Hace pocos días, y luego de más de 10 años de persecuciones y privación de libertad, Assange llegó a un arreglo con las autoridades de EE.UU. y recuperó su libertad. A su favor jugaron los malos números electorales de Biden y el riesgo de que se volviera a convertir en tema de campaña, en provecho de Kennedy y Trump.
¿Cuál era el delito del que se le había acusado, y que incluso lo podía llevar a la pena de muerte? Publicar documentos con información verdadera sobre algunos sucesos de interés público y que, por torvas razones, había sido ocultada. Es decir, haber hecho lo mismo que hacen, o debieran hacer, todos los periódicos serios del mundo.
Wikileaks es un medio electrónico especializado en casos de corrupción y asuntos de Estado. Su estándar editorial es perfecto: solo publica documentos y solo se remite a los hechos. No opina. Hasta ahora, luego de haber desclasificado más de 1 millón de documentos, nunca ha sido desmentido.
La fama mundial de Wikileaks llegó cuando reveló, en el 2010, videos que mostraban facetas de la invasión a Irak y Afganistán muy distintas al relato oficial: miles de muertes inocentes, torturas y diversos crímenes bajo responsabilidad oficial. Luego, mostró que Guantánamo no era un simple lugar de detención y que el gobierno americano tenía el hábito de espiar en secreto a casi todos los líderes mundiales, incluyendo a sus aliados.
Luego, cerró su lista de enemigos al revelar, pocas semanas antes de la elección presidencial de 2016, las maniobras del Partido Demócrata para perjudicar a Bernie Sanders y una larga lista de situaciones de corrupción vinculadas a Hillary y Bill Clinton. Sin lograr reponerse de la humillación y la derrota, los demócratas culparon a la “trama rusa”. Pero, con el tiempo, los actores involucrados reconocieron públicamente que nunca hubo antecedentes ni pruebas de ello.

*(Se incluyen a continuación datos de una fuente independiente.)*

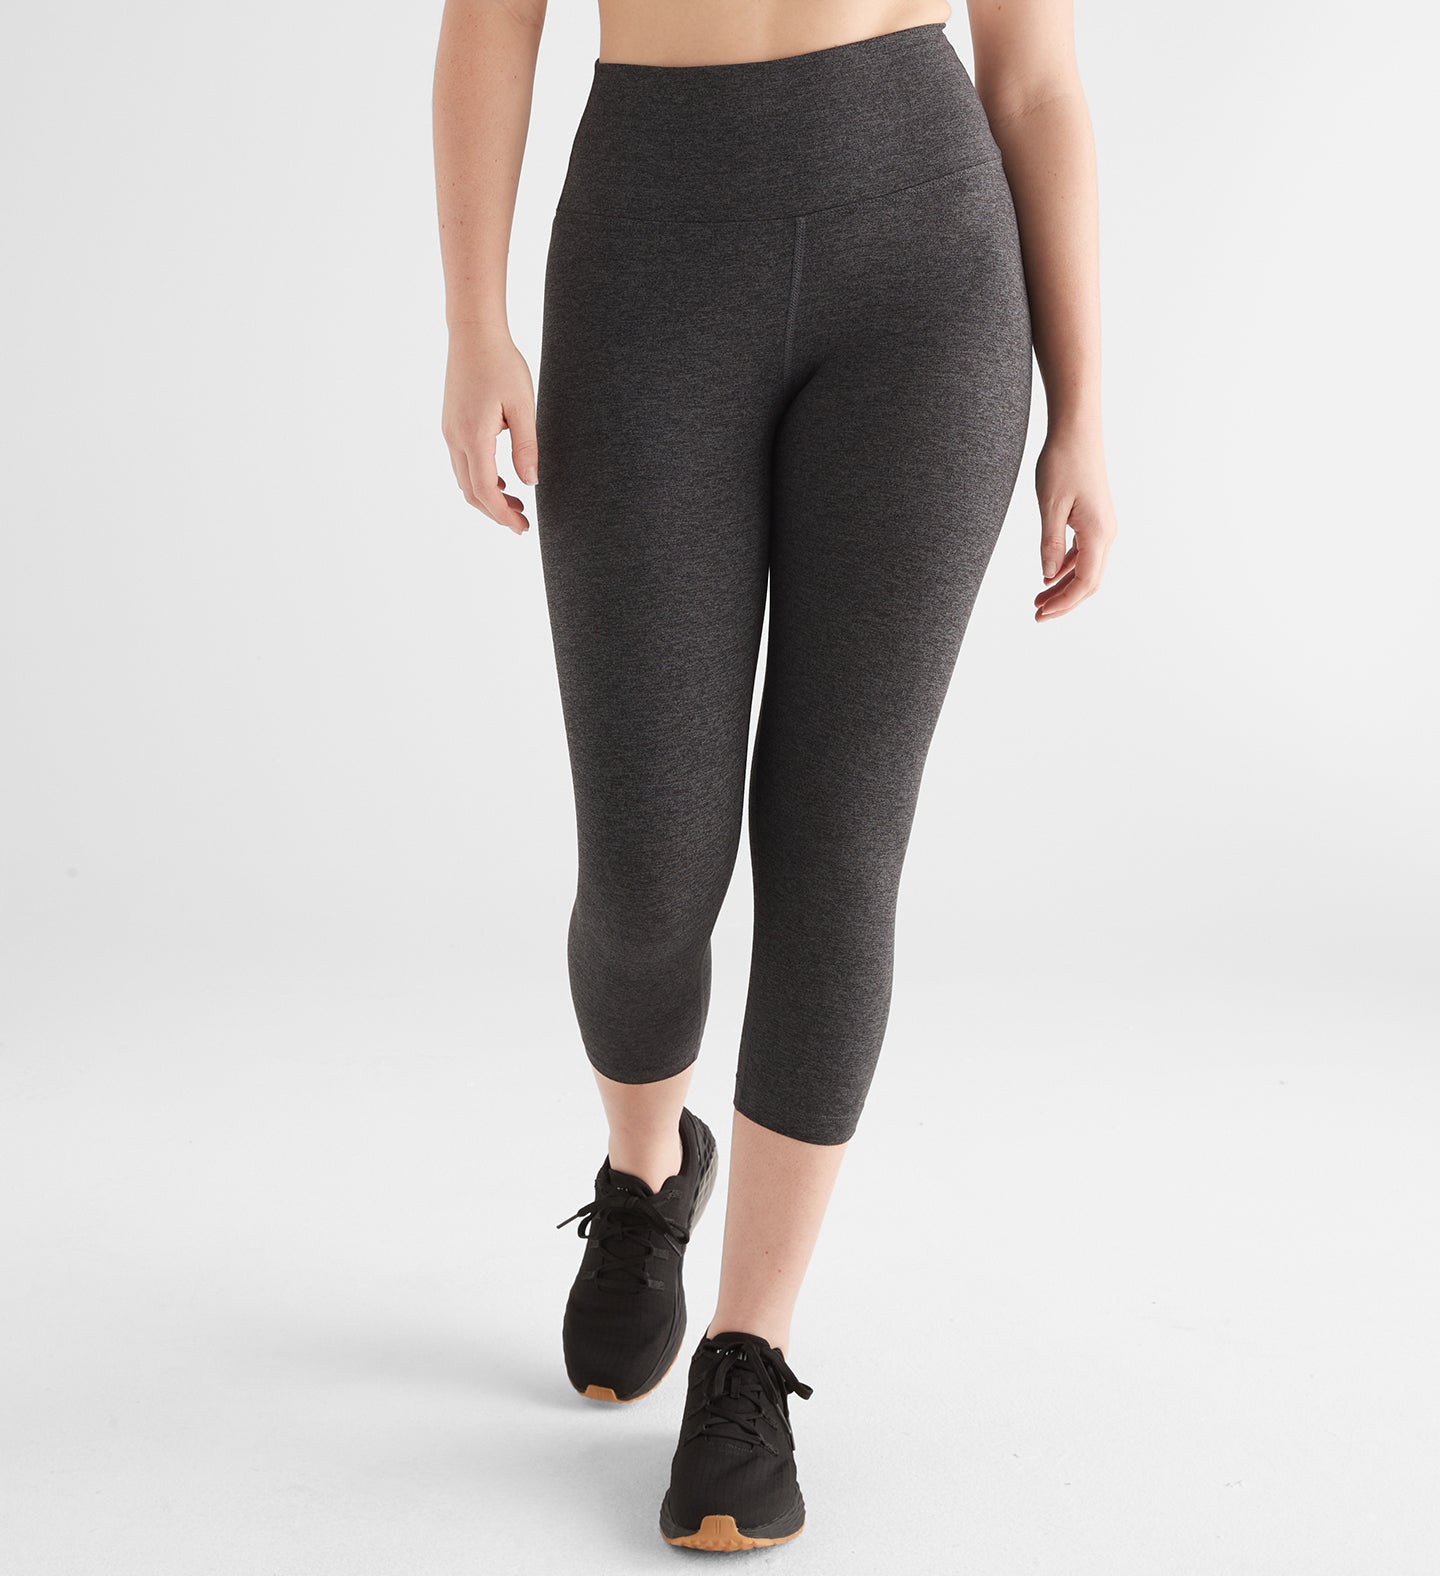 Women's Hip Lifting Exercise Pants Show Thin and Tight, High Waist and Small  Feet Capris Yoga Sportwear Pants - China Sport Wear and Gym price

A fin de cuentas, la historia se repite: gracias al trabajo de la prensa y algunos periodistas, y no al de las fiscalías o comisiones investigadoras, es que hemos conocido y desarticulado las mayores tramas de corrupción de la historia humana. Y eso merece un castigo.
Con tamaña trayectoria, no era extraño que Julian Assange se convirtiera en un enemigo jurado de los poderes establecidos, ni que despertara las simpatías de las fuerzas de la disidencia de todos los colores políticos, incluyendo a anarcolibertarios y los amantes de “la verdad al precio que sea”, buena parte de los “Trump supporters”.
Pese a las duras campañas en su contra, también estuvieron de su lado políticos como Bernie Sanders, Jeremy Corbyn, Carles Puigdemont y Robert Kennedy Jr., las principales ONGs de Derechos Humanos del mundo, los Relatores de Libertad de Expresión de la ONU y la OEA, artistas e intelectuales de diverso peso y perfil, como Patti Smith, Oliver Stone, Slavoj Žižek, Jesse Ventura, Noam Chomsky, Pamela Anderson, Brian Eno y, por cierto, el gran Kim Dotcom.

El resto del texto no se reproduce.